Nine claimants, including the Animal Welfare Insitute (AWI) and the Whale and Dolphin Conservation, have filed a lawsuit against the National Marine Fisheries Service (NMFS) over a lack of SeaWorld orca necropsy reports.
The group of claimants also includes the Earth Island Institute, PETA, and whale expert Dr. Lori Marino.
The group is suing the federal agency over its claim that it lacks the legal authority to enforce the submission of necropsy reports and veterinary records for SeaWorld’s deceased orcas Tilikum, Kasatka, and Kyara.
Tilikum and Kasatka both starred in the 2013 SeaWorld exposé “Blackfish.” The documentary, which rose to fame on streaming service Netflix, explored the detrimental effects of captivity on both the whales and the SeaWorld trainers. Tilikum and Kasatka, along with Tilikum’s granddaughter Kyara, died, supposedly of lung infections, last year.

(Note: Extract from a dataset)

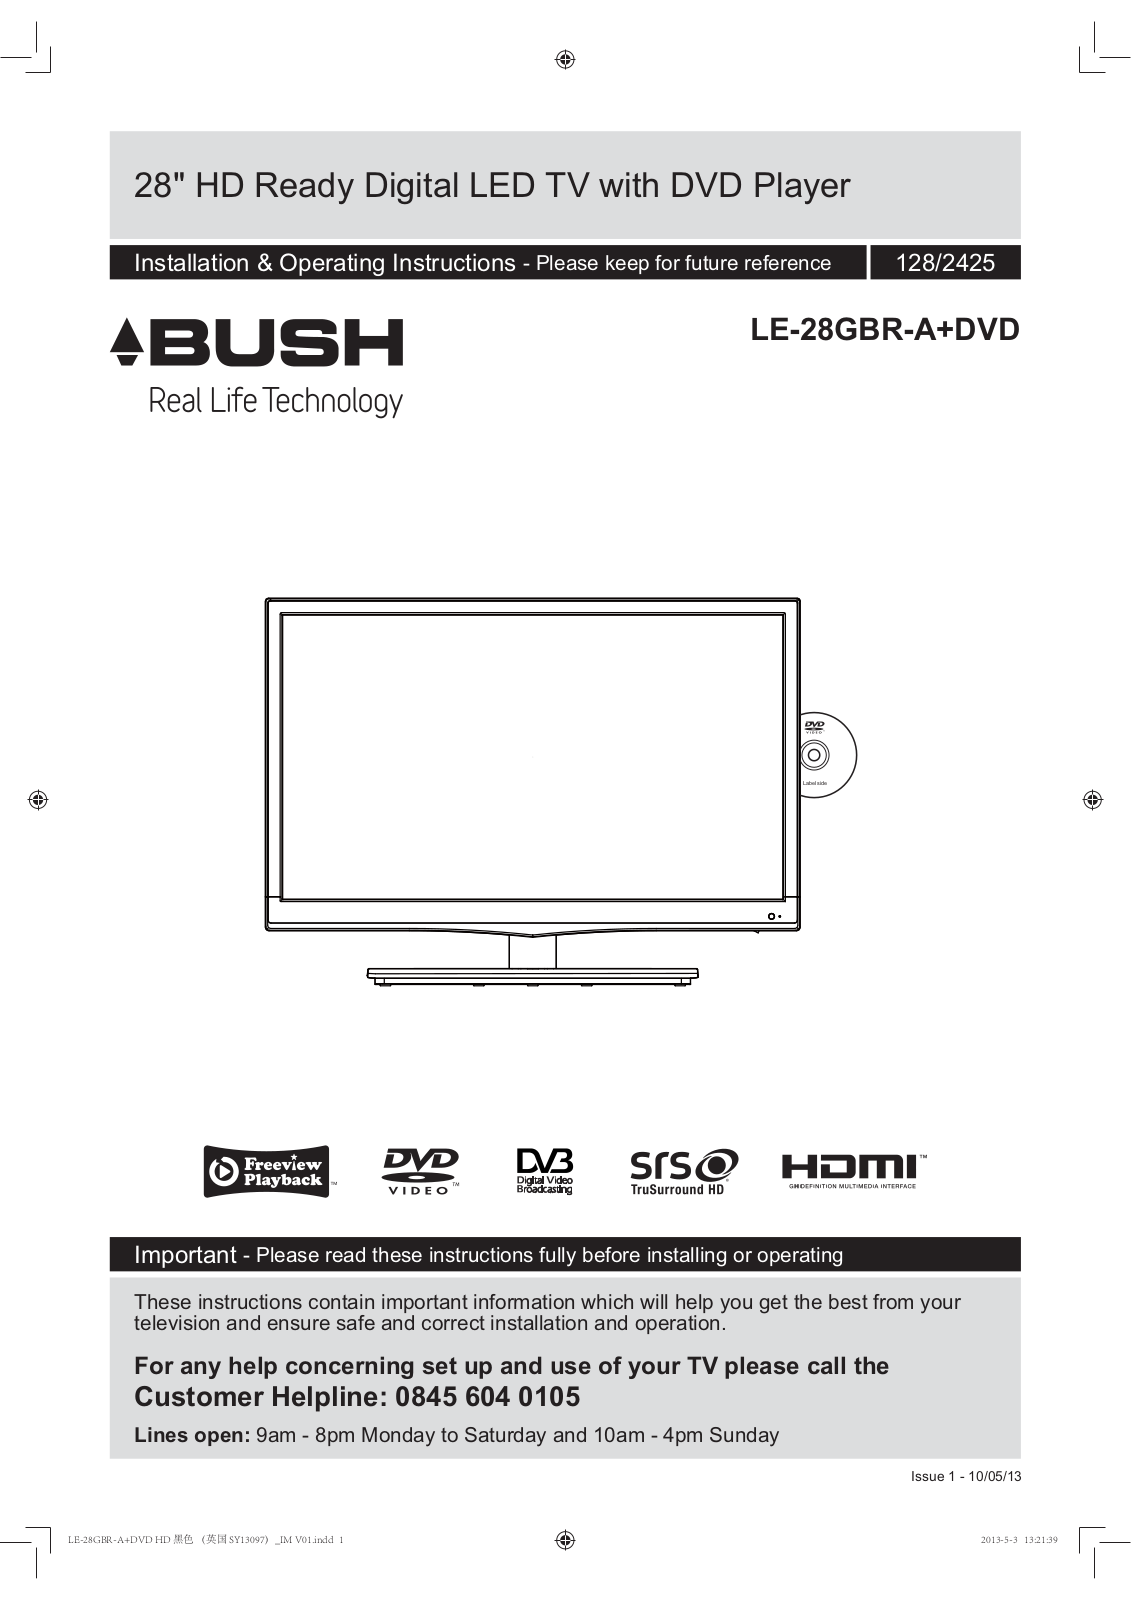 Bush LE-28GBR-A+DVD Instruction manual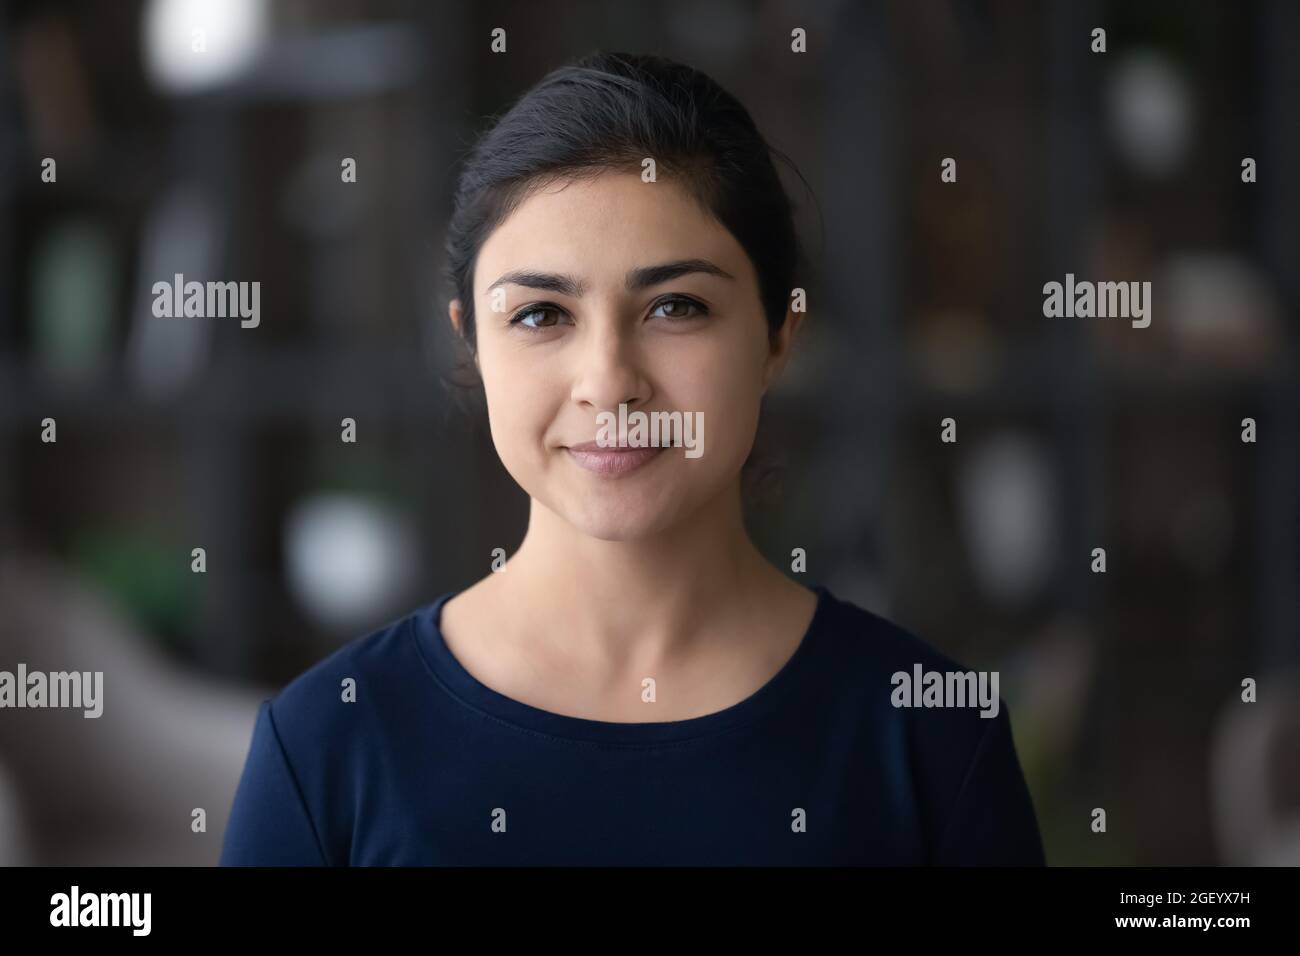 Headshot portrait of smiling Indian woman renter Stock Photo

Permits issued in 1992 and 1978 to import Tilikum and Kasatka state that SeaWorld is obliged to release records to the NMFS when the orcas die. As Tilikum’s progeny, this specification applies to Kyara too.
The records were not released, and the NMFS now stipulates that 1994 amendments to the Marine Mammal Protection Act voided the requirement. In a statement, PETA says this claim lacks legal justification; the lawsuit states that “the agency decision at issue is arbitrary, capricious, [and] an abuse of discretion.”
David Phillips, speaking on behalf of the Earth Island Institute, affirmed, “Under the provisions of the Marine Mammal Protection Act, these orcas belong to the people of the United States, not SeaWorld, and we have every right to access information about their health and welfare.”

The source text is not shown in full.